The two must progress hand in hand.

Analytical writing is a method for achieving greater intellectual honesty. It
includes the habit of giving evidence for assertions, of clearing up
ambiguity, of putting causes before consequences, of replacing hand-waving
with concrete facts. And so on.

But it's not failsafe. "The Xorbians are foreign interlopers, so we must hunt
them down and kill them" is analytical writing. I think it would pass some of
the more basic tests described in the Atlantic article. But it doesn't
necessarily tell the truth, and this failing may be down to a want of ethics.

By contrast, "What do I think about the Xorbian issue? Live and let live" is
not analytical writing. But it may be truer and more valuable.

Judicial and deliberative rhetoric in Greece demanded a backbone of analysis.
But it wasn't by any means the whole of rhetoric.

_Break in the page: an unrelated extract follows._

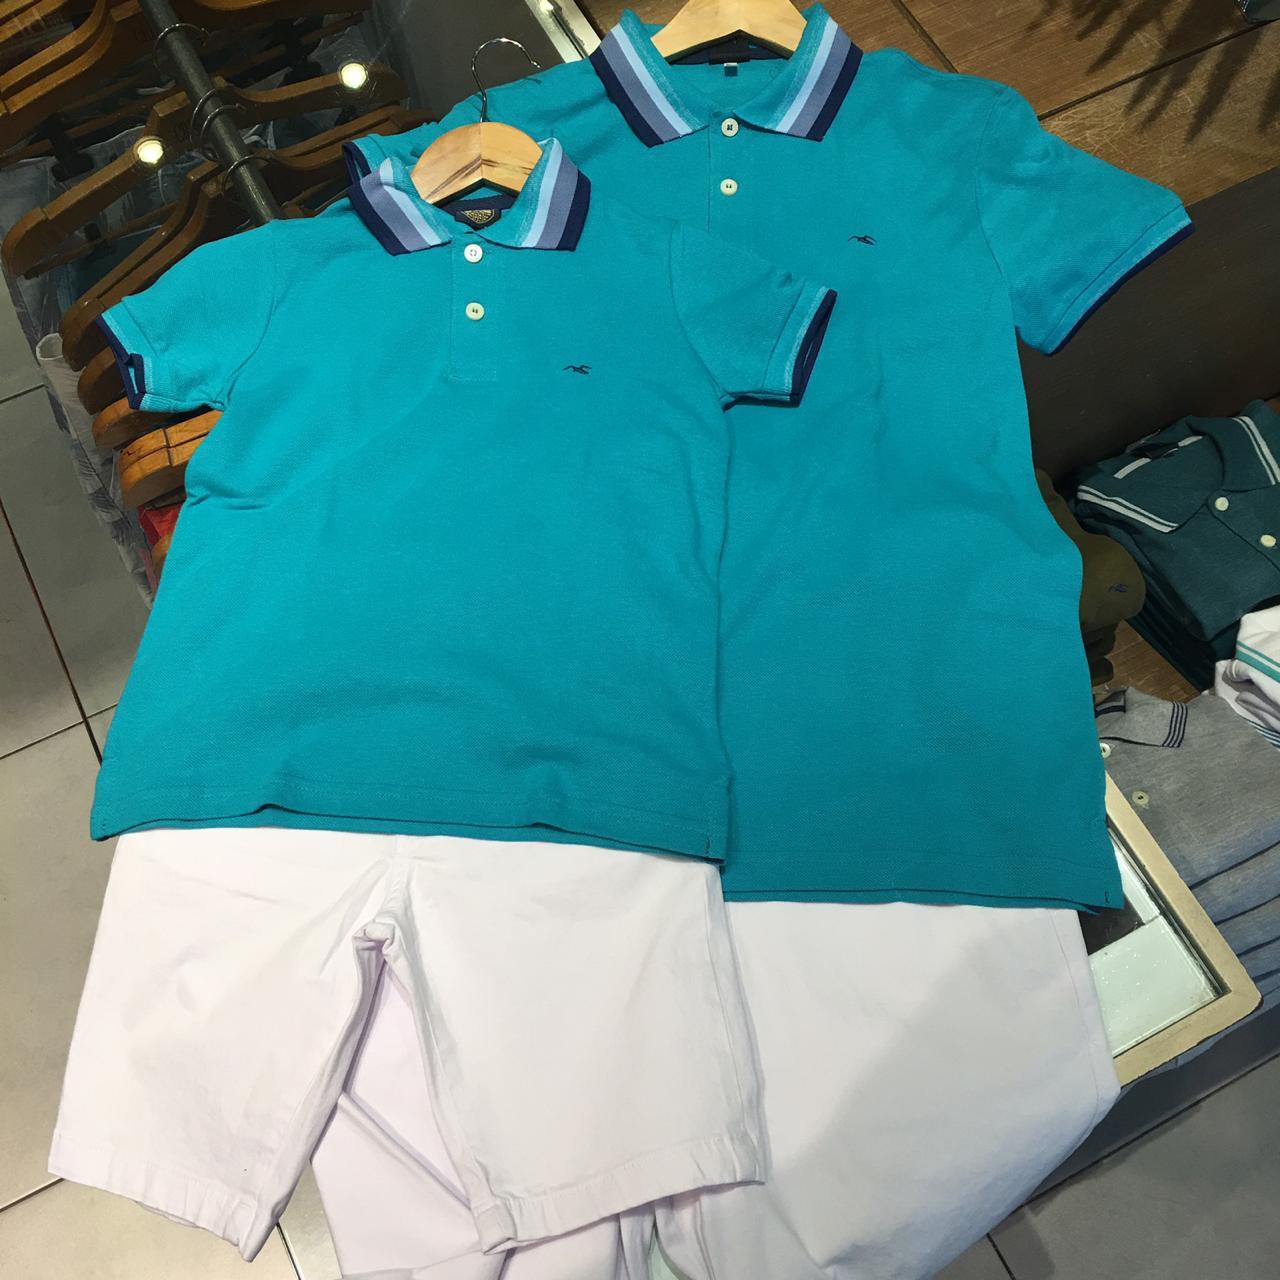 Bermuda Adulto (R$ 185) Polo Adulto (R$ 99) - Zip Náutica - Shopping da Bahia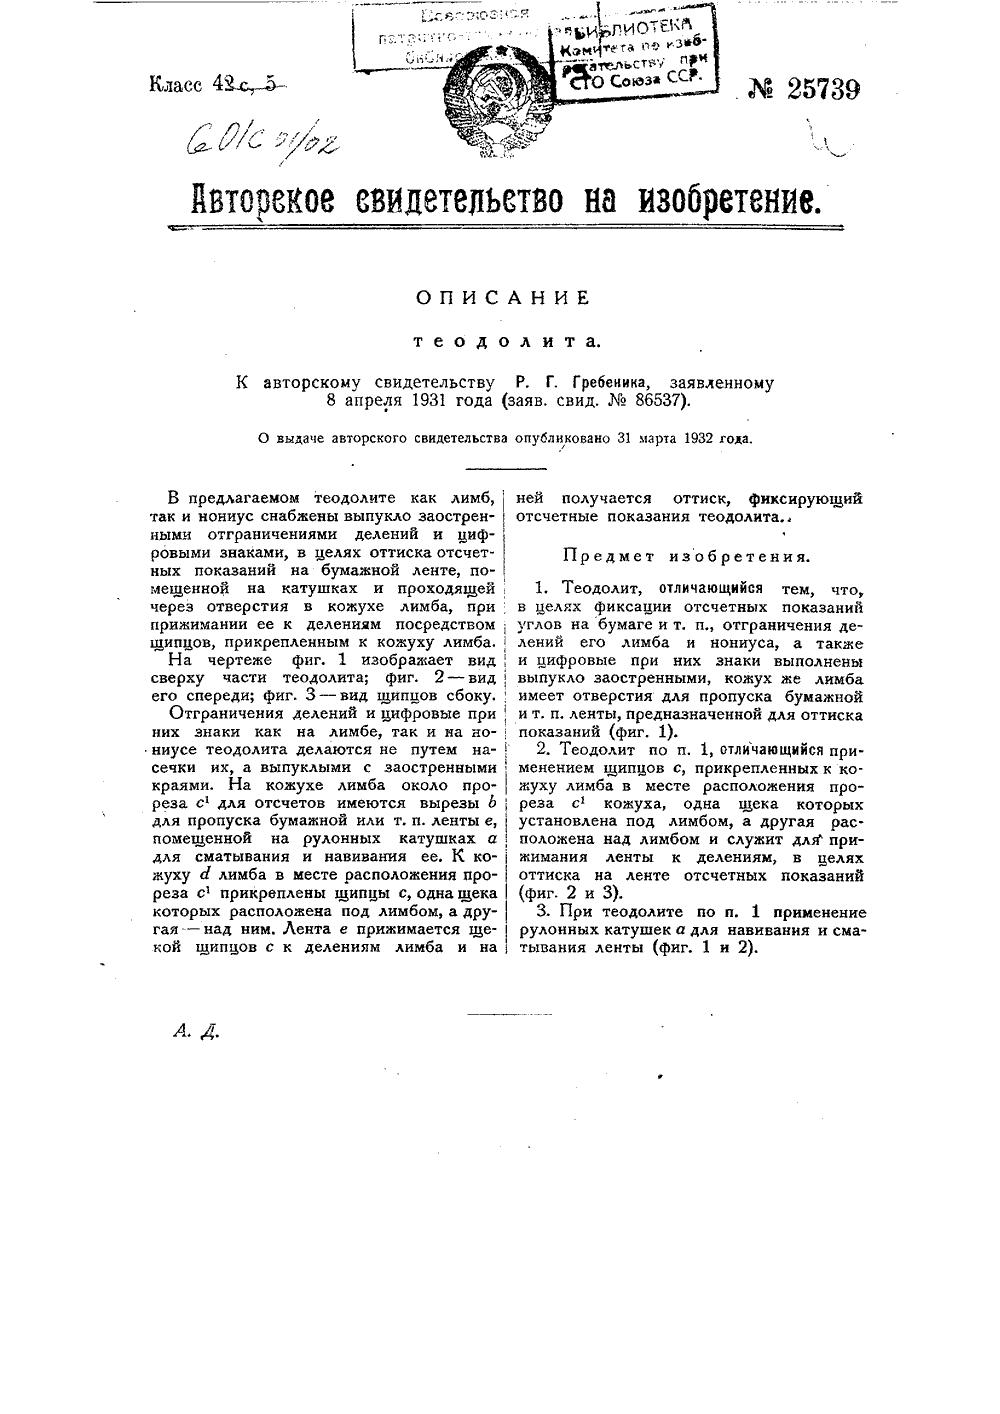 описание теодолит тео 20в инструкция

Well, as stated, it's complex. One could write books...

------
corporalagumbo
I honestly have no idea how I would function as a self-analytical human being
without the ability to wrangle my thoughts into text. I think I have a decent
knack for it, but when I think back to high school I realise I was lucky to
scrape through with passable written English. Even now at university most
people I meet are severely limited writers, incompetent even. And I imagine
the situation must be even worse among the wider population. Maybe this is a
new way to think about literacy - not if you can read and write basic
sentences, but can you argue, can you convince - are you comfortable on the
page, can you dance with your words?

------
danmaz74
Let's just hope this will not swing the pendulum too much in the other
direction. If kids were only taught creative writing and no structure, it is
to be expected that a strong push on structure will give them an edge. But if
they had been taught only structure from the start, insisting a lot on that in
high school is bound to have smaller returns (or even negative ones, if they
are then very weak in creativity).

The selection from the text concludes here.